Well what is “the essence of our way of life” under modern capitalism? It is not democracy or free speech but, rather, the unbridled pursuit of ever-more consumption and ever-higher “standards of living.”
In March 2005 the UN Millennium Ecosystem Assessment, compiled by 1360 scientists from 95 countries, concluded that humanity is now consuming and degrading almost two-thirds of the natural resources that support life on earth. The authors call this “a stark warning” for the entire world.
In effect, one species is now a hazard to the other 10 million or so on the planet, and to itself … Human activity is putting such a strain on the natural functions of Earth that the ability of the planet’s ecosystems to sustain future generations can no longer be taken for granted.

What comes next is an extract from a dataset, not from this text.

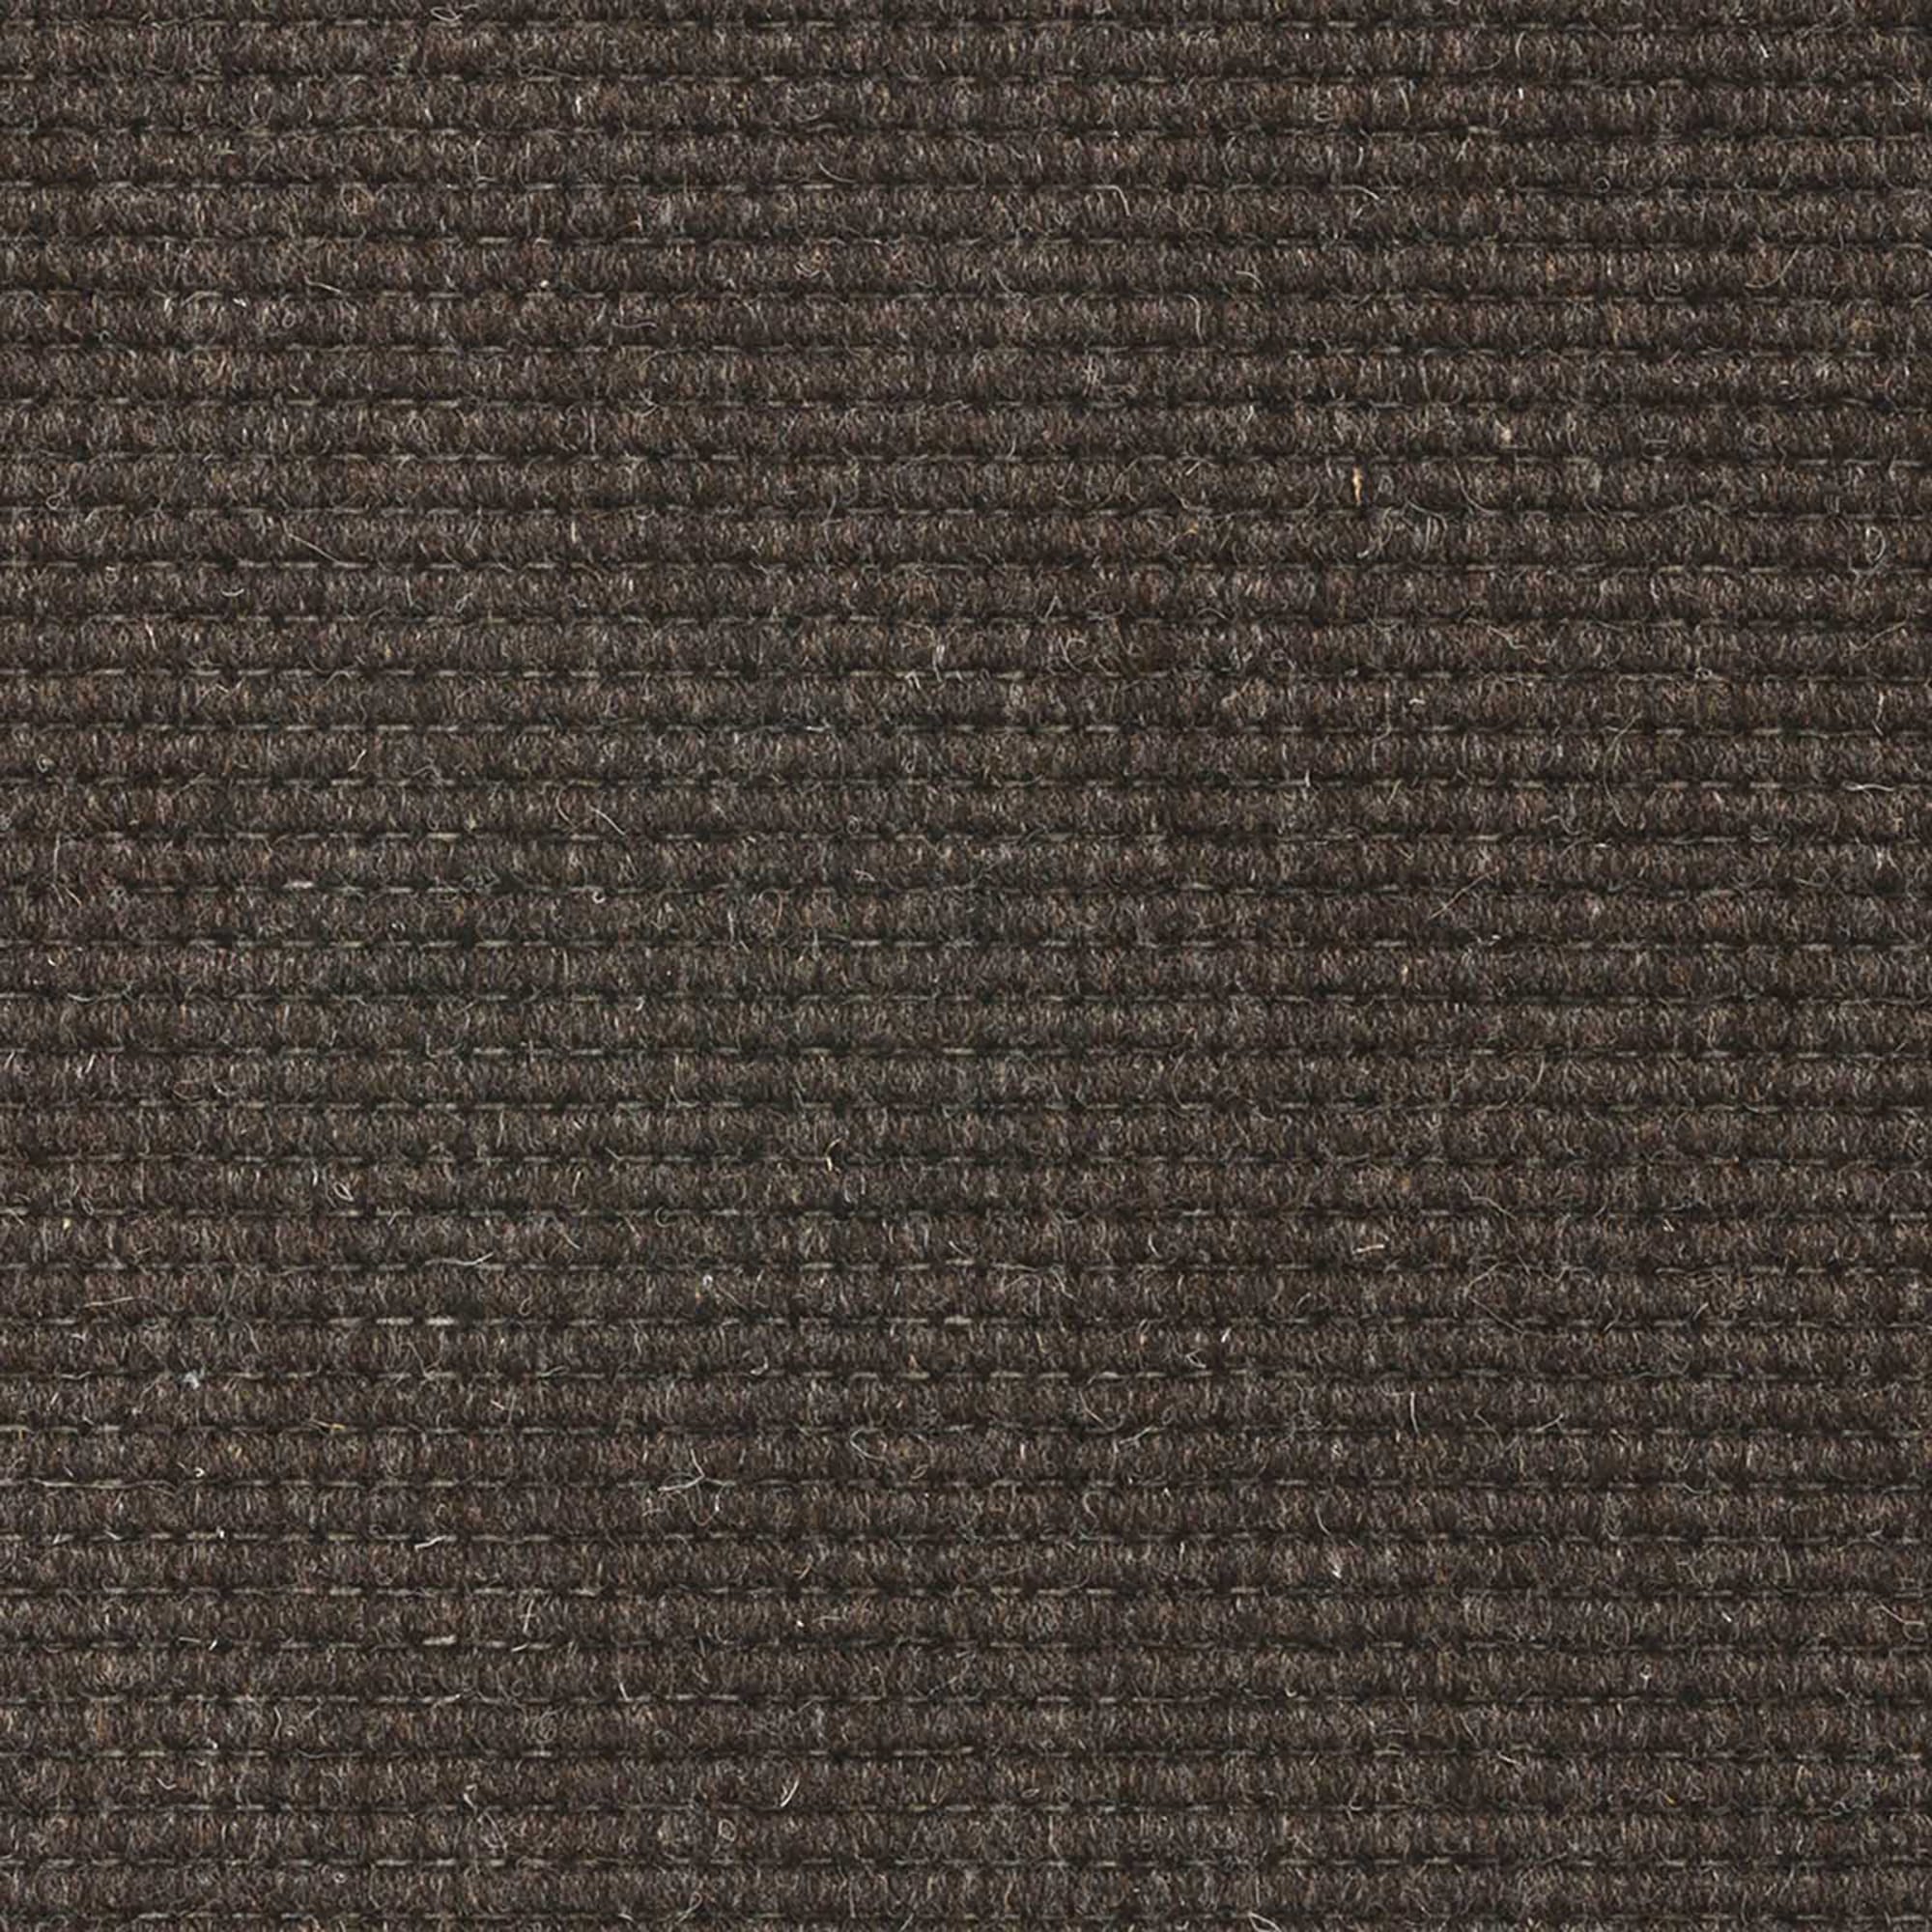 ウールカーペット ダークブラウン FL-OT006-03-G219 羊毛そのままの色です

And Americans lead the way in hogging this one-time blowout sale of the world’s natural resources. With just 4 percent of the world’s population and 2 percent of the world’s oil, we consume 25 percent of the world’s oil and produce more than 25 percent of all CO2 emissions. We use 50 million tons of paper annually — consuming 850 million trees (just for paper). The average American produces 864 kilograms of municipal waste per year, nearly three times the average produced by an Italian. And on and on.
Given these trends, how can humanity survive unless we very quickly and very drastically “disturb the essence of our way of life” — by massively cutting our consumption of forests, fossil fuels, water, minerals, etc., and halting the production of thousands of toxic chemicals, petrochemicals, pesticides, and other synthetic substances that are poisoning us? In short, if we want to survive, we are going to have to slow down the global economy, make less stuff, and re-engineer manufacturing to produce products to be durable and last, to make what we make differently, with different goals — for social need not profit. Unless we make such drastic changes, we are, indeed, heading for collapse.

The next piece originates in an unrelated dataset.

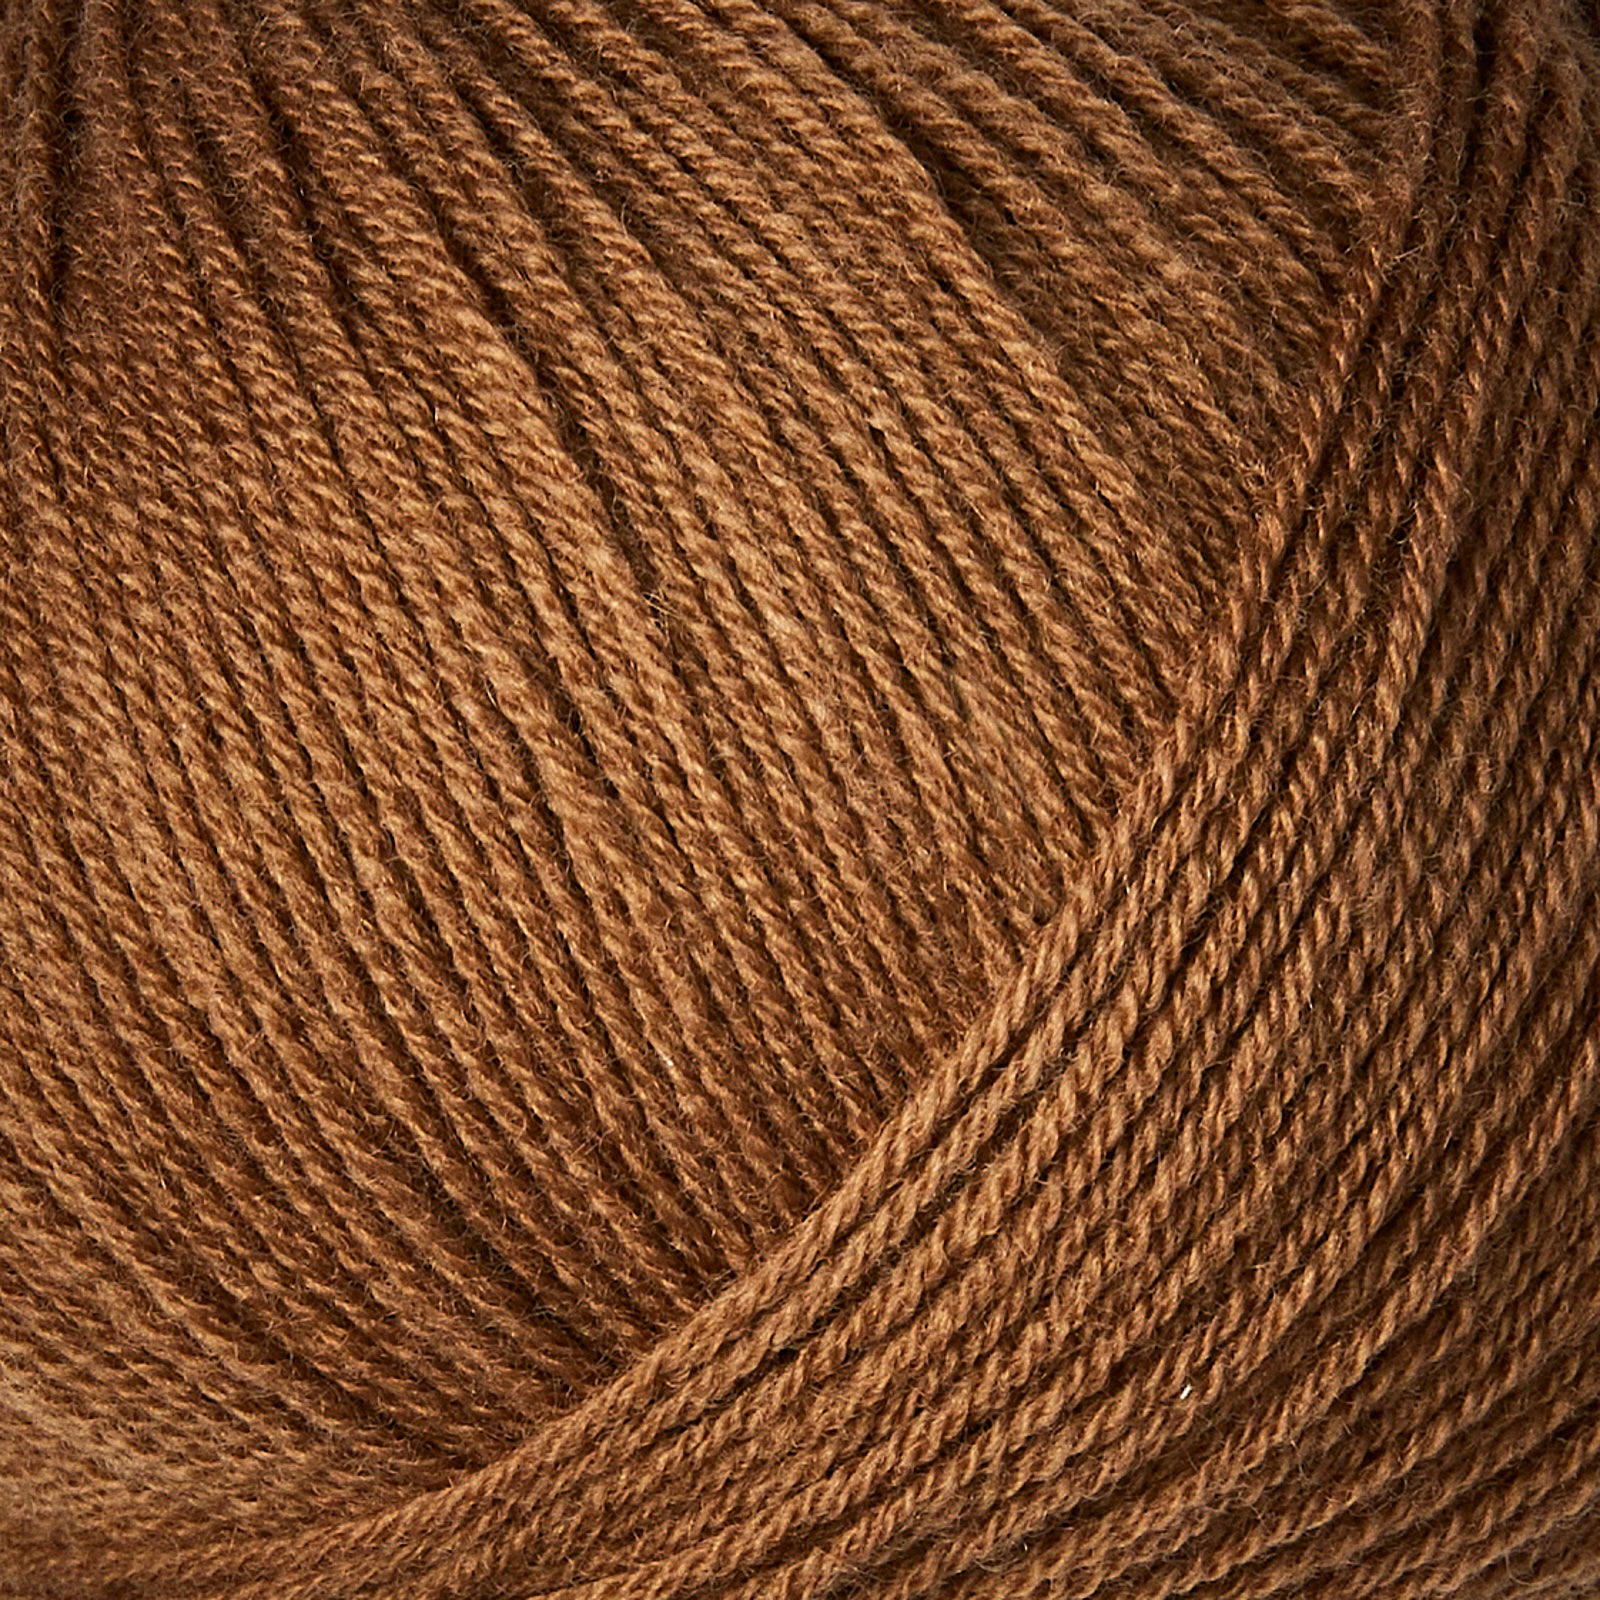 Knitting for Olive Merino - Soft Cognac

Systemic Barriers to Limiting Growth
But how can we slow down the economy under capitalism? Insatiable growth is built into the system. Under capitalism, everyone finds it in his/her interest to maximize growth: Investor-owned corporations produce for the market in competition with other corporations producing for the same market. So they have no choice but to constantly seek ways to drive down costs, to innovate, to expand their markets, to find or invent new markets.
They are obliged, in the capitalist maxim, to “grow or die” — to increase profits or see their stock values fall as investors sell off their stock for higher returns elsewhere. Governments are similarly compelled to maximize growth to enlarge the tax base to meet the demands of rising populations to provide the employment that is key to maintaining social stability.

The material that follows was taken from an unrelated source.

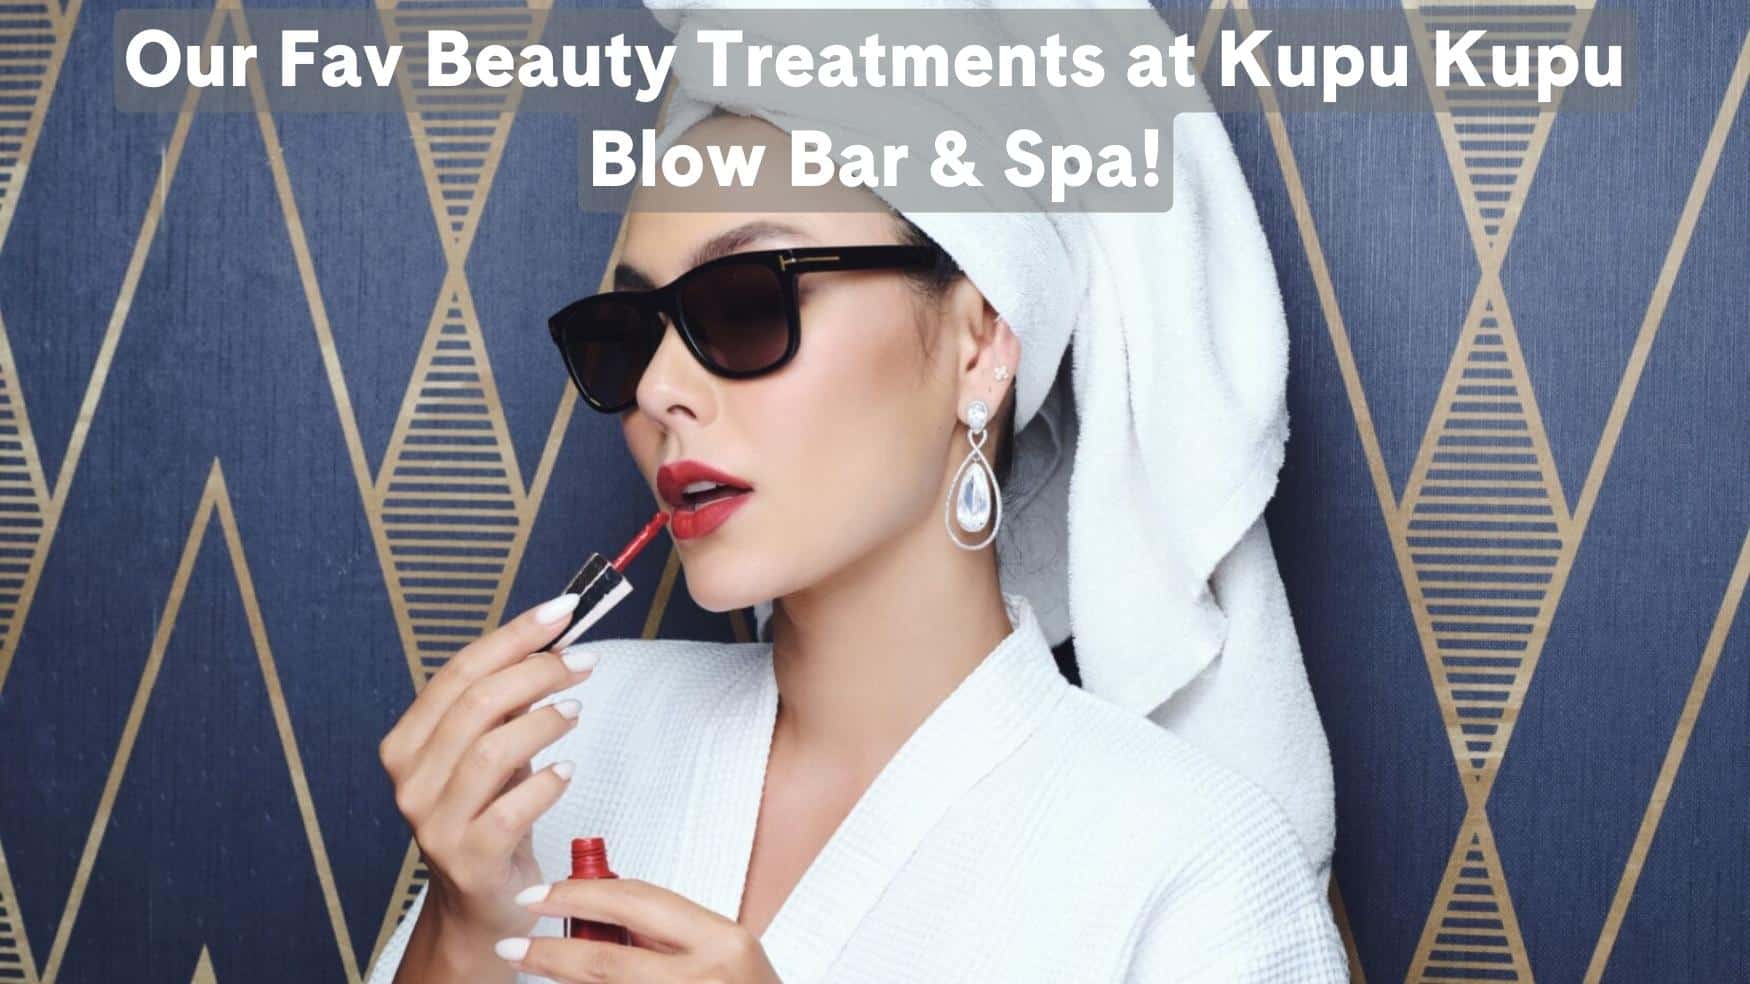 Fav Beauty Treatments at Kupu-Kupu Blow Bar, Salon, & Spa!

But capitalist governments don’t own the economy, even if some own a sizable state sector. Consequently, governments fall over themselves in competition to bribe corporations with tax breaks and subsidies, drive down the wages of their own workers, gut whatever environmental protection they still have, and so on in a disastrous planetary “race to the bottom.” Taken together, capitalists, workers, and governments are all — just like those Easter Islanders — ”trapped in a competitive spiral” of growth without end that is beyond our control.
The need to grow also explains why the entire patchwork of government regulation — all the pollution “costing” and “trading” schemes to reduce emissions of various pollutants that are promoted by business and governments as “win-win” responses to the environmental crisis — are designed, above all, to keep the economy growing.
Given these built-in requirements of capitalist reproduction, can we expect the lumber and paper industries to reinvent their business plans and explain to their stockholders that, “sorry but due to the threat of global warming, we need to save the forests, cut down fewer trees, decrease output, and therefore profit?” How long would such an environmentally responsible lumber company stay in business?
Or, given the immediate threat of fossil fuel combustion-driven global warming, what the world needs now is not just cleaner cars but fewer cars. Surely Ford and Toyota can make smaller and even more fuel-efficient hybrid cars. But can we really expect Ford or Toyota to strive to produce and sell fewer cars? They’re in business to make and sell as many cars as possible. So to ask the question is to answer it.
Systemic Barriers to Restructuring
Secondly, maintaining a habitable planet will also require massive global industrial restructuring to redirect investment from some industries, like fossil fuels, into others, especially renewable energy sources. It is all but impossible to imagine how such large-scale phase-outs and investment reallocations could be made when those sectors of the economy are in the hands of privately owned corporations. Diamond argues that the costs of environmental cleanup ought to be socialized and passed onto consumers. Well perhaps — if profits were also socialized and passed onto consumers.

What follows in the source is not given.